Apangea Learning’s product is based on a five-step problem-solving process, which was developed by the U.S. Air Force. The company has exclusive rights to the Air Force’s intellectual property based on its cognitive research.
The company’s biggest contract to date is providing its product and services to all of the schools in the state of Idaho.
Teach your children well
The growth of Carnegie Learning and Apangea Learning speaks to the effectiveness of their product offerings, but somehow I wonder what all this will mean to education.
Clearly, one can see educational improvement, in that both companies can spot learning problems and respond to them instantly. Maybe some kids won’t get pigeon-holed as “not a math person.”

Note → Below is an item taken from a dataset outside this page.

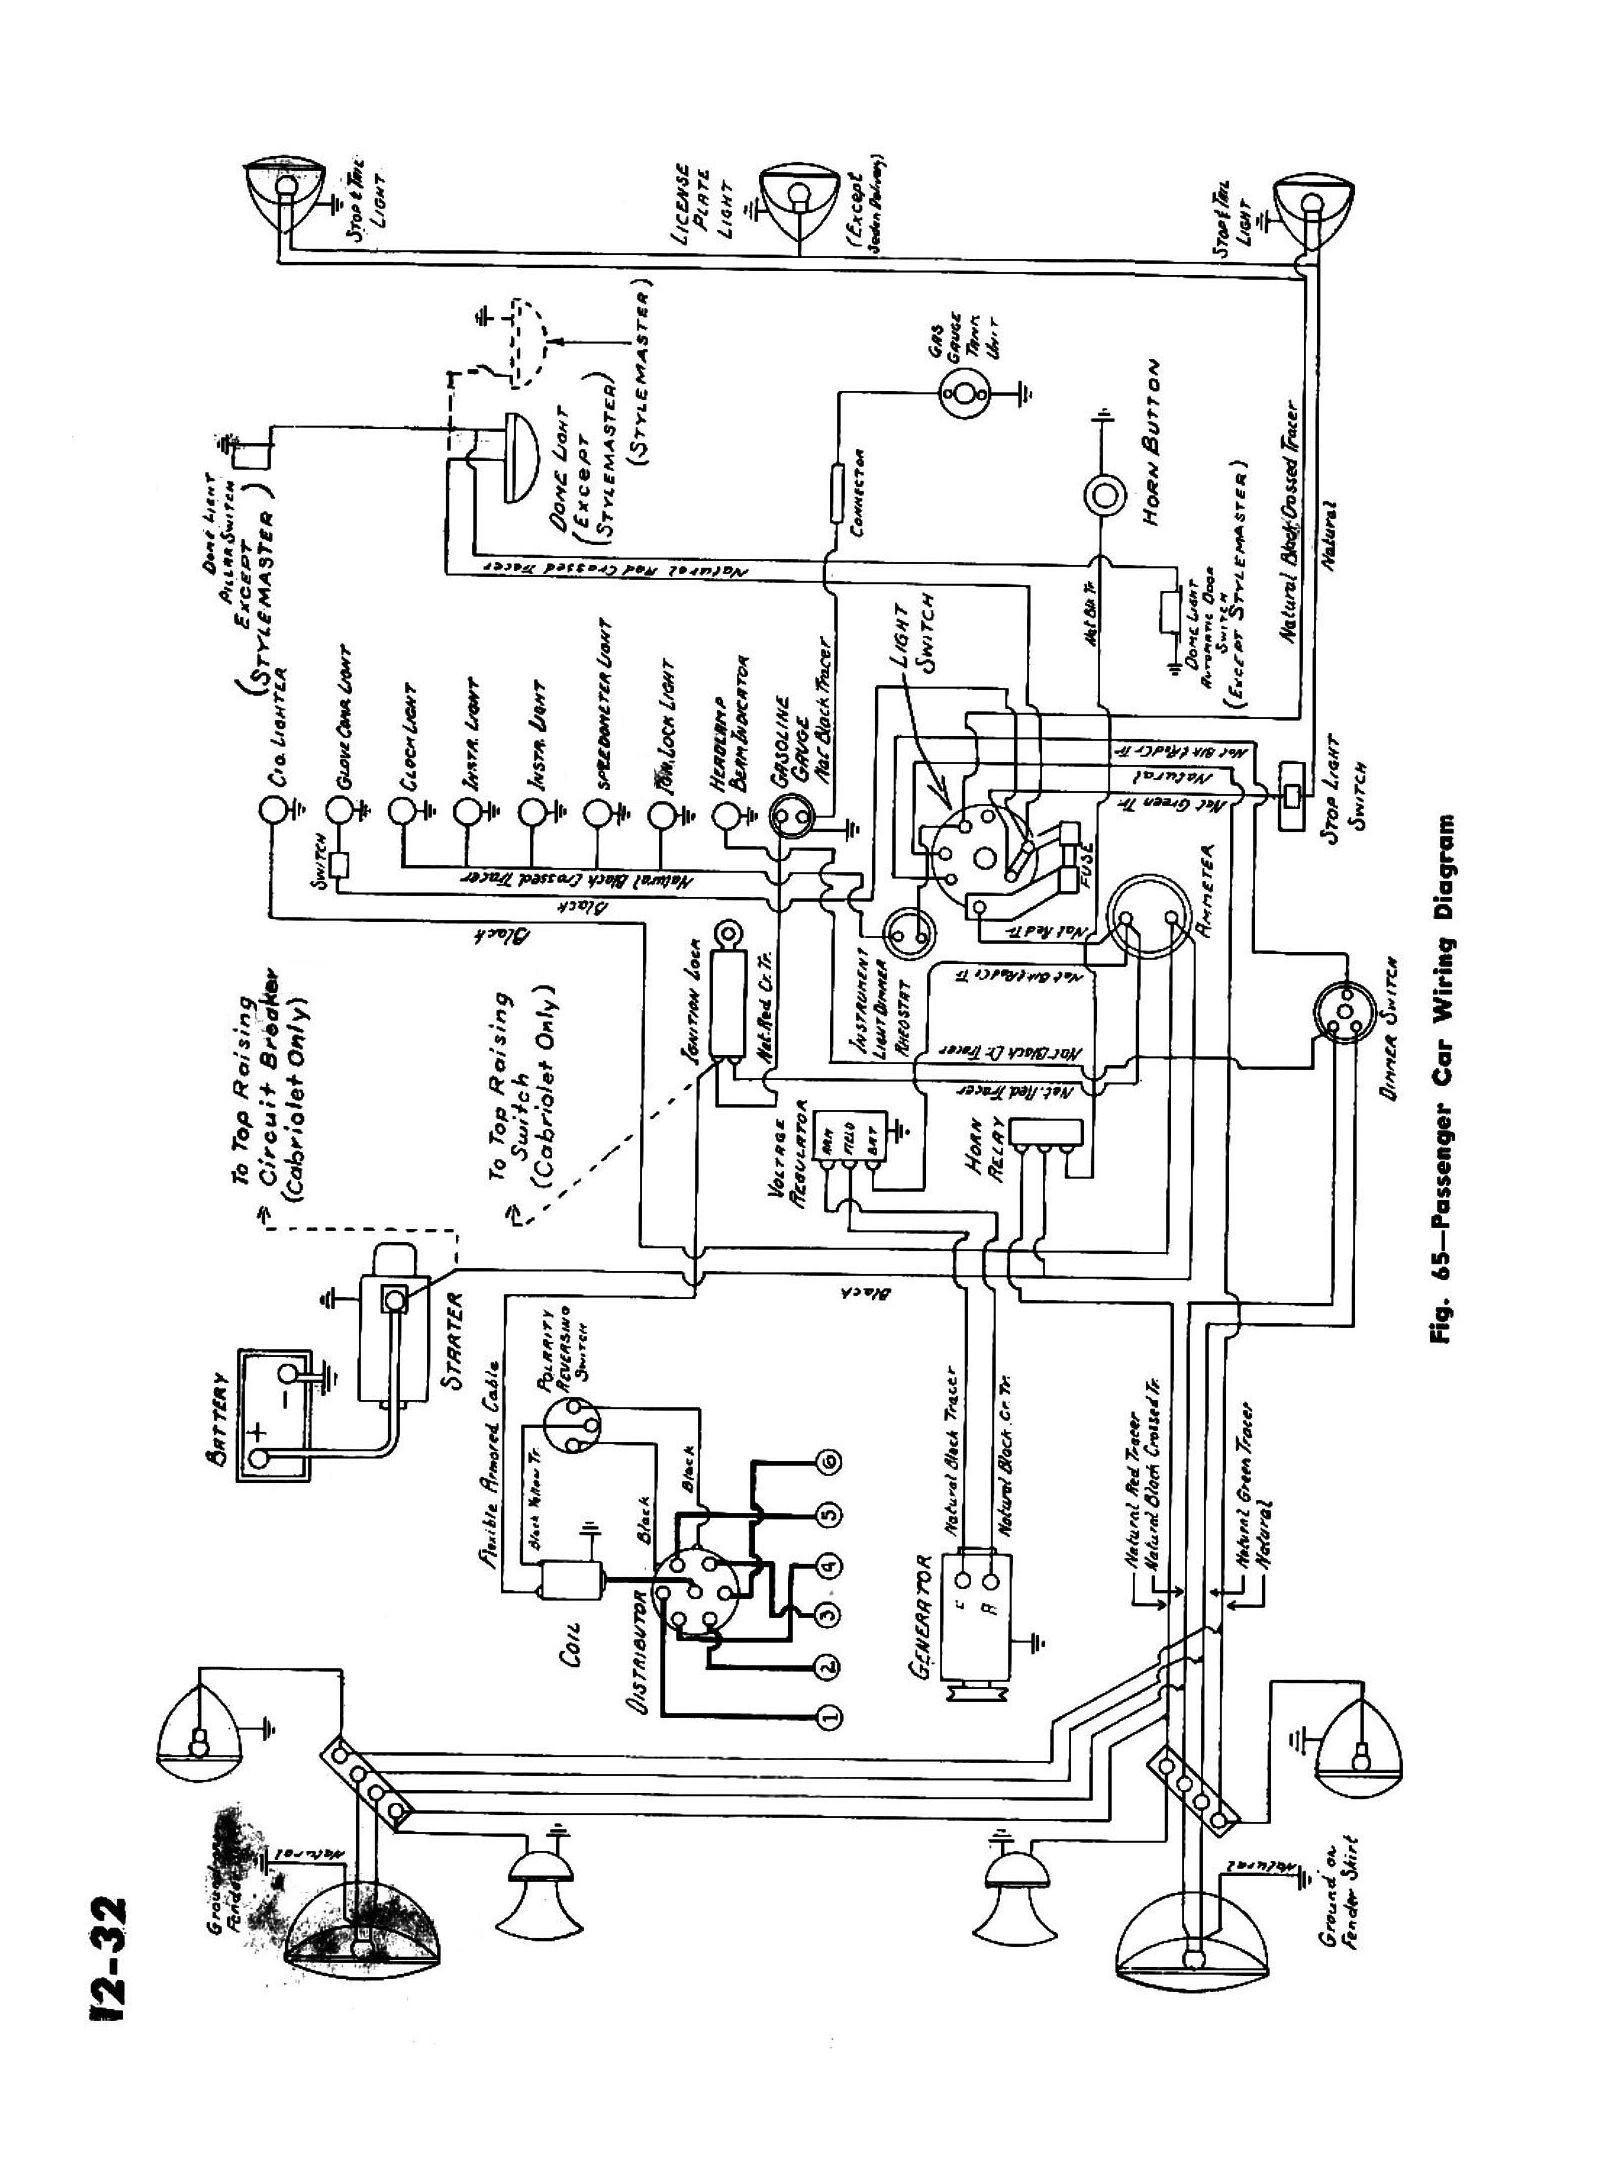 Schematic symbols chart wiring diargram schematic symbols from on automotive wiring diagram legend vehicle wiring diagram symbols Automotive Electrical Diagrams

Bear in mind that I went to school when dinosaurs ruled the earth. We weren’t making goo-goo eyes to a cell phone in hopes that a text message soon would appear.
And I remember the teachers who really had an impact on me. One was Father Leo. He scared the bejesus out of me every time I went to the blackboard, because I wasn’t much of a mathlete. After class, he would spend hours working problem after problem with me, trying to drill algebra into my brain until I finally got it. What I didn’t know then, but know now is this: Father Leo really cared and wanted me to learn algebra.
A few years ago, my classmates from St. Mark’s High School in Erie sat around at a picnic, drank beer and wondered what became of the old prince of the polynomial. We laughed until we cried.
Thirty years from now, the students of today will probably have all developed adult-onset diabetes and heart disease because they never went outside to play. But I wonder whether they’ll look back fondly and say, “Remember that old Toshiba satellite? Now there was a teacher.”